Meta's VP of AI research, Joelle Pineau, has argued that releasing Llama's weights promotes safety and innovation, and that full training data disclosure raises privacy and copyright concerns [⁵]. That's a reasonable point — and I'll get to it. But reasonable justifications don't change the definition of a term.

The Counterargument (And Why It's Half-Right)

Let's be fair. The case for calling these releases meaningful is strong:

1. Open weights are genuinely valuable. Researchers, startups, and developers worldwide are fine-tuning Llama, Gemma, and Mistral models to build things that would have been impossible two years ago. That's real.
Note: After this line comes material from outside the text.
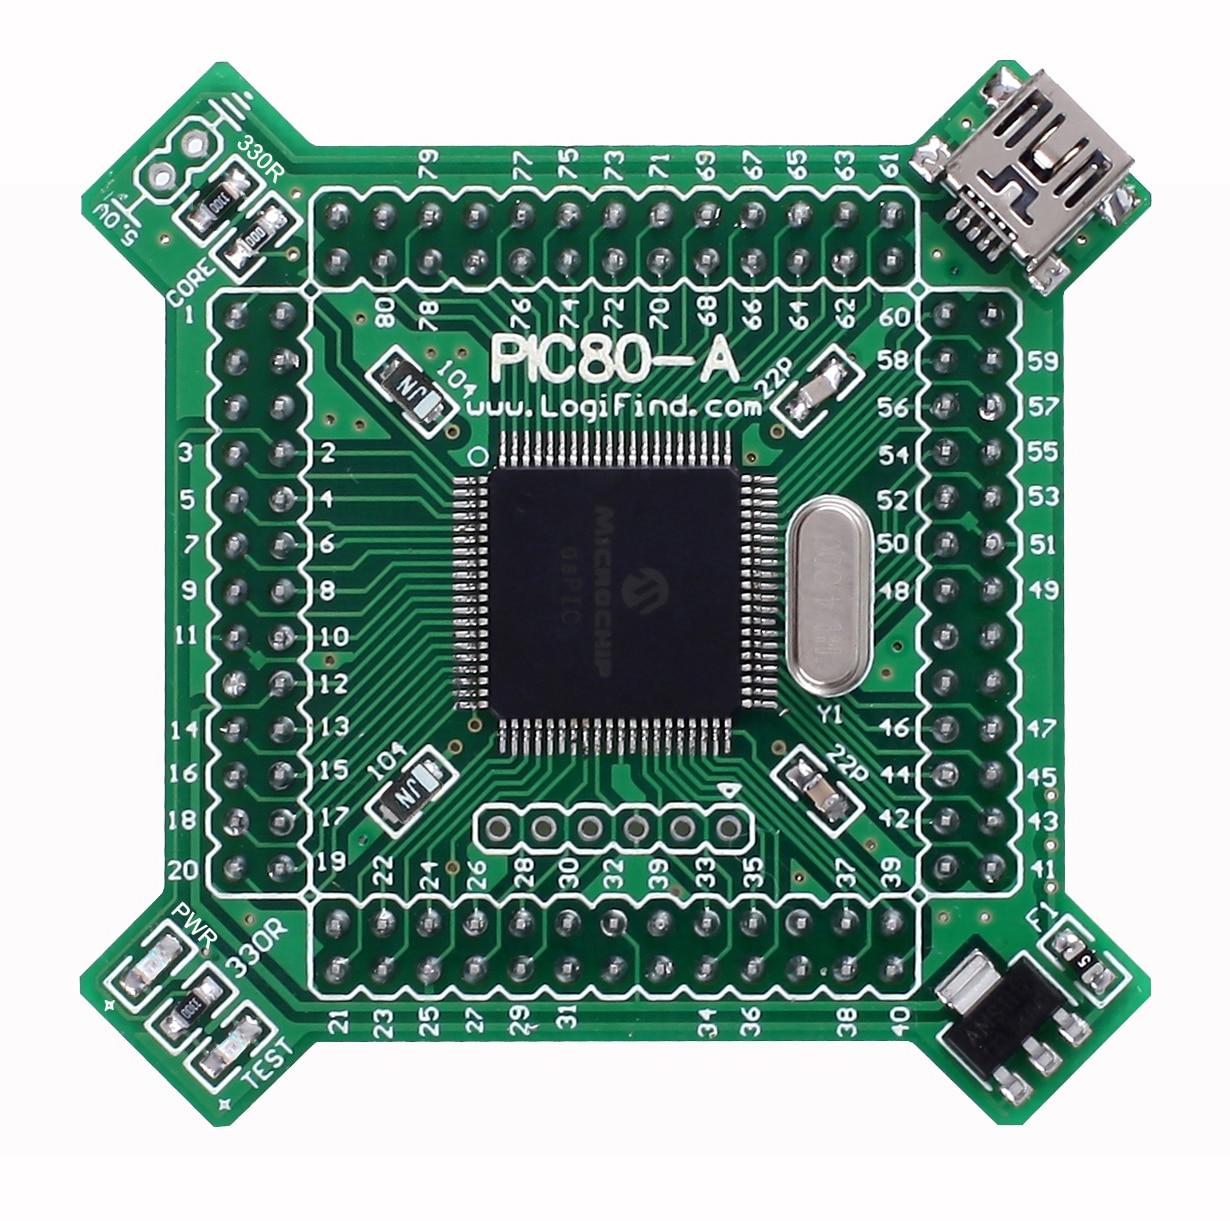 PIC24 MCU Learning Development Board Core Board PIC80-A with PIC24FJ128GB108(China)

2. Training data is legally radioactive. These models are trained on datasets that include copyrighted material, personal information, and web-scraped content. Releasing that data isn't just impractical — it could be illegal in multiple jurisdictions.

3. Perfect is the enemy of good. If we gatekeep the term "open source" so aggressively that companies stop releasing anything, we all lose.
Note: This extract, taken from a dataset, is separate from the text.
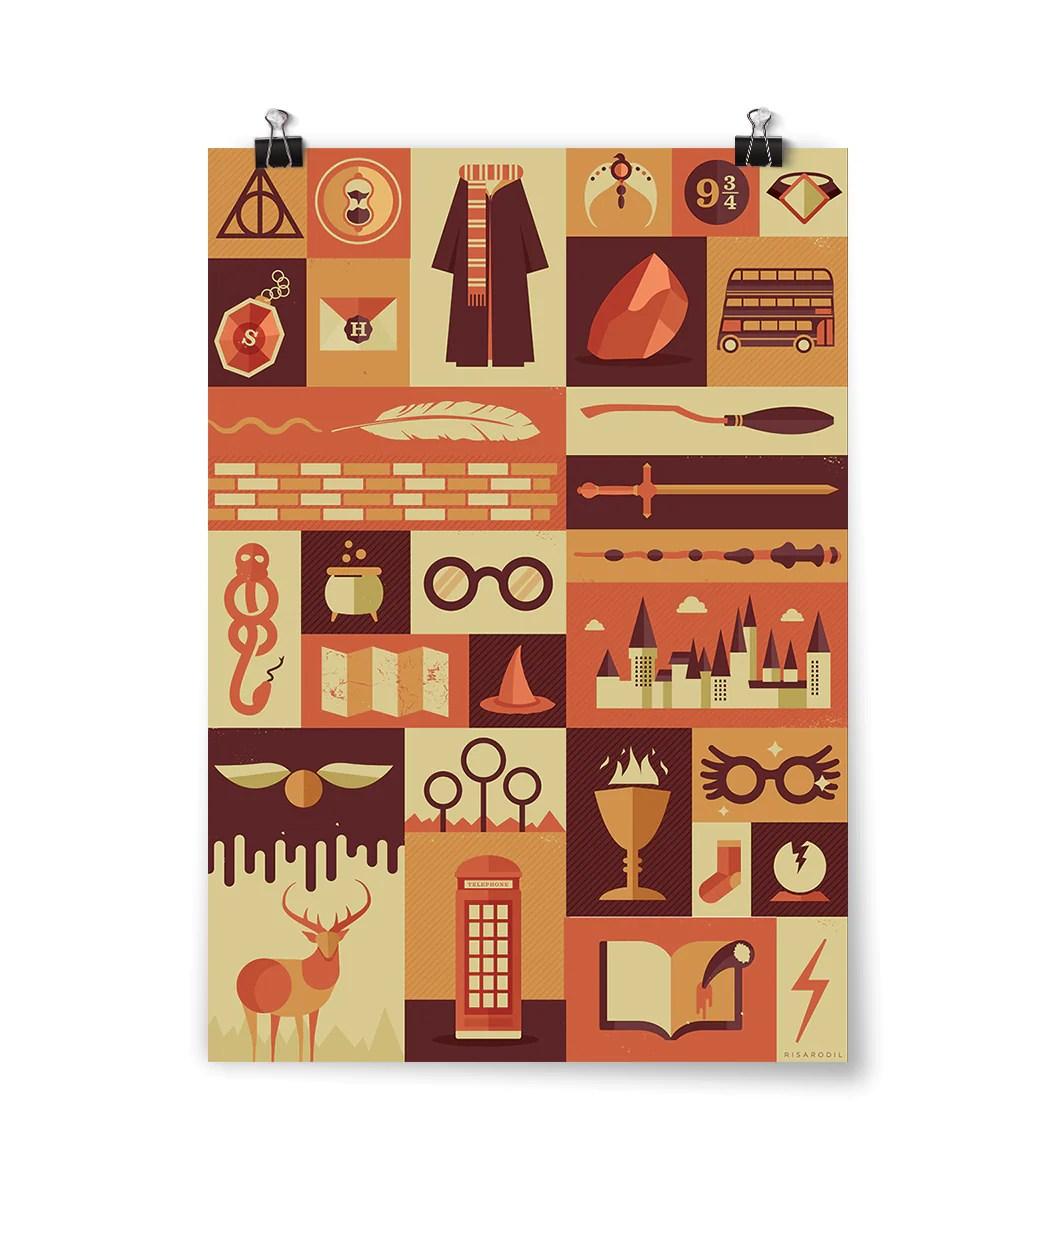 Harry Potter Items Poster Dftba

I hear all of that. And I agree that the release of model weights represents a meaningful contribution to the AI ecosystem. What I reject is the labeling.
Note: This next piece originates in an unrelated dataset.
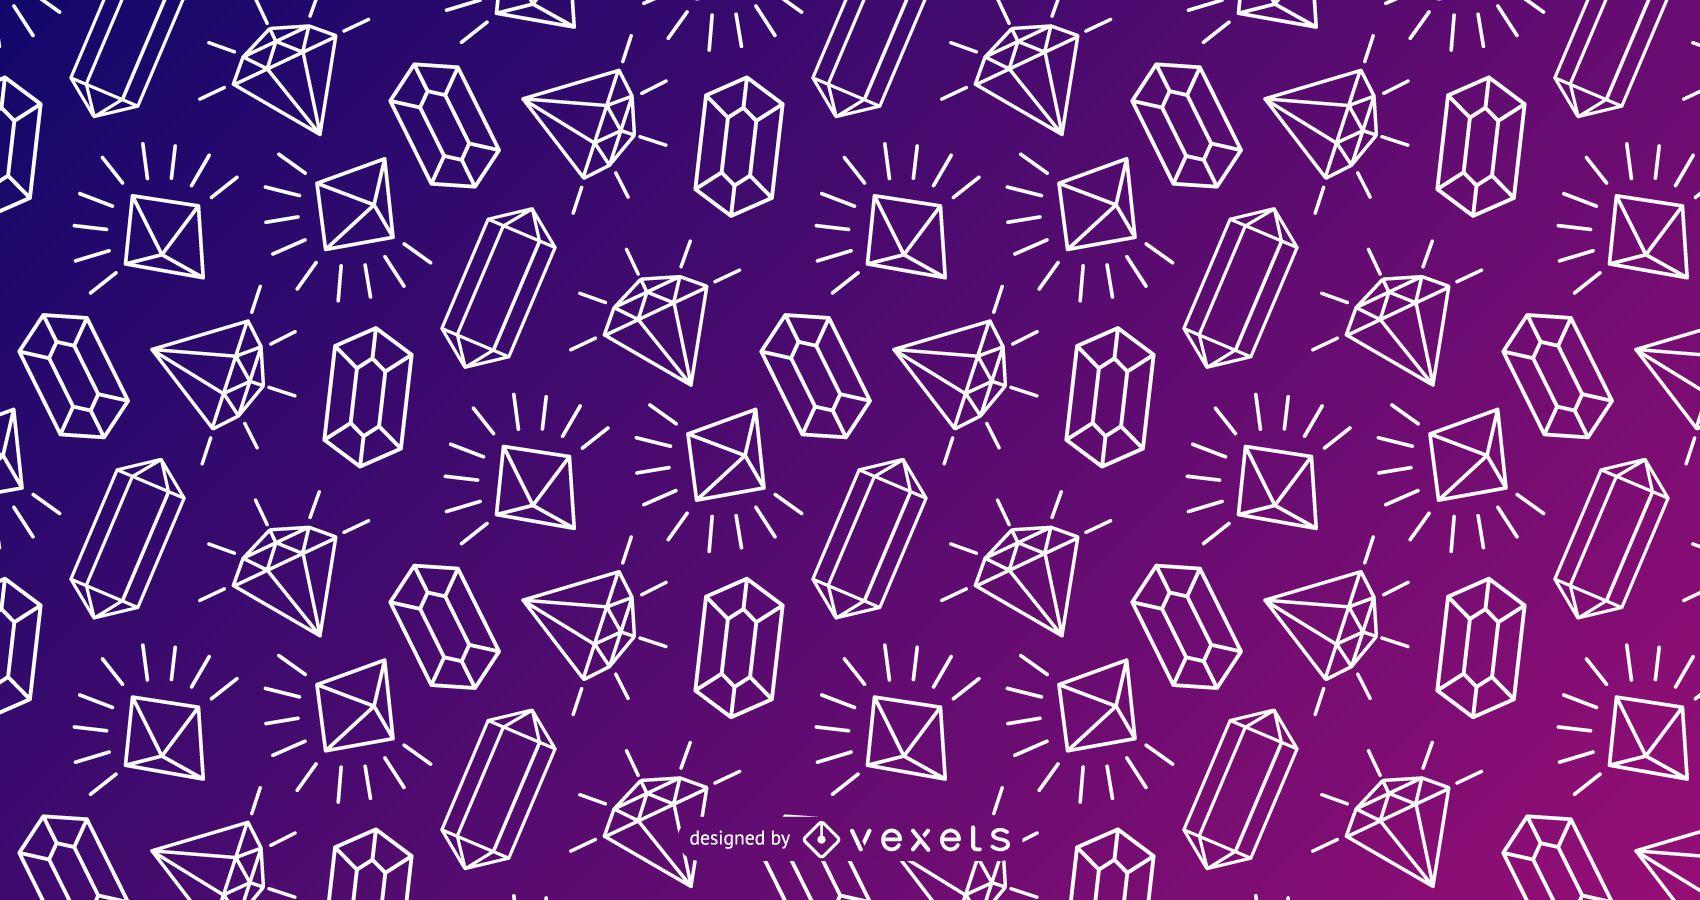 Crystal pattern stroke design

You can call it "open weights." You can call it "community-available." You can call it "source-available" — a term the software world already uses for code that's visible but not fully open. There are perfectly good, honest terms for what's happening.

But calling it "open source" when it fails the definition? That's not generosity. That's brand strategy.

The Real Stakes: Who Benefits From the Confusion?

Follow the money and it gets crystal clear.

Meta releases Llama as "open source" and gets:

A massive developer ecosystem building on their architecture (not OpenAI's, not Google's)
Regulatory cover in the EU and beyond
A reputation as the "good guy" of AI — the democratizer, the people's champion
Free QA, fine-tuning, and feedback from thousands of researchers worldwide

All while retaining the most valuable asset — the training data, the pipeline, and the knowledge of how to build the next model.

"Companies are essentially getting free R&D labor by releasing weights while keeping the secret sauce proprietary. That's a brilliant business strategy. It's just not open source." — Shayne Longpre, MIT researcher and lead author of the Data Provenance Initiative [⁶]

A 2024 analysis from the Data Provenance Initiative found that the documentation around training data for major "open" models had actually gotten worse over time, not better — with key datasets becoming more restricted even as companies trumpeted their openness [⁶].

What I'd Actually Like to See

I'm not calling for companies to stop releasing weights. Please keep doing that. I'm calling for three simple things:

Use honest terminology. If you release weights but not data, call it "open-weight." The AI community is smart enough to handle nuance.
Regulators should define terms precisely. The EU AI Act's open-source exemption should require compliance with the OSI's Open Source AI Definition, not accept whatever label a company's PR team invents [³].
Invest in truly open alternatives. Projects like EleutherAI, BigScience's BLOOM, and Allen AI's OLMo — which actually release training data, code, and weights — deserve way more attention and funding than they get [⁷]. If you want to see what real open-source AI looks like, start there.

The Bottom Line

Language shapes power. When we let the biggest companies in the world redefine "open source" to mean whatever's convenient for their quarterly strategy, we lose a term that meant something — a term that powered Linux, Firefox, Wikipedia, and an entire philosophy of building technology together.

The AI industry's open-weight releases are valuable. They are not open source. And until we start being precise about the difference, we're doing Big Tech's marketing for free.

Don't fall for the label. Read the license.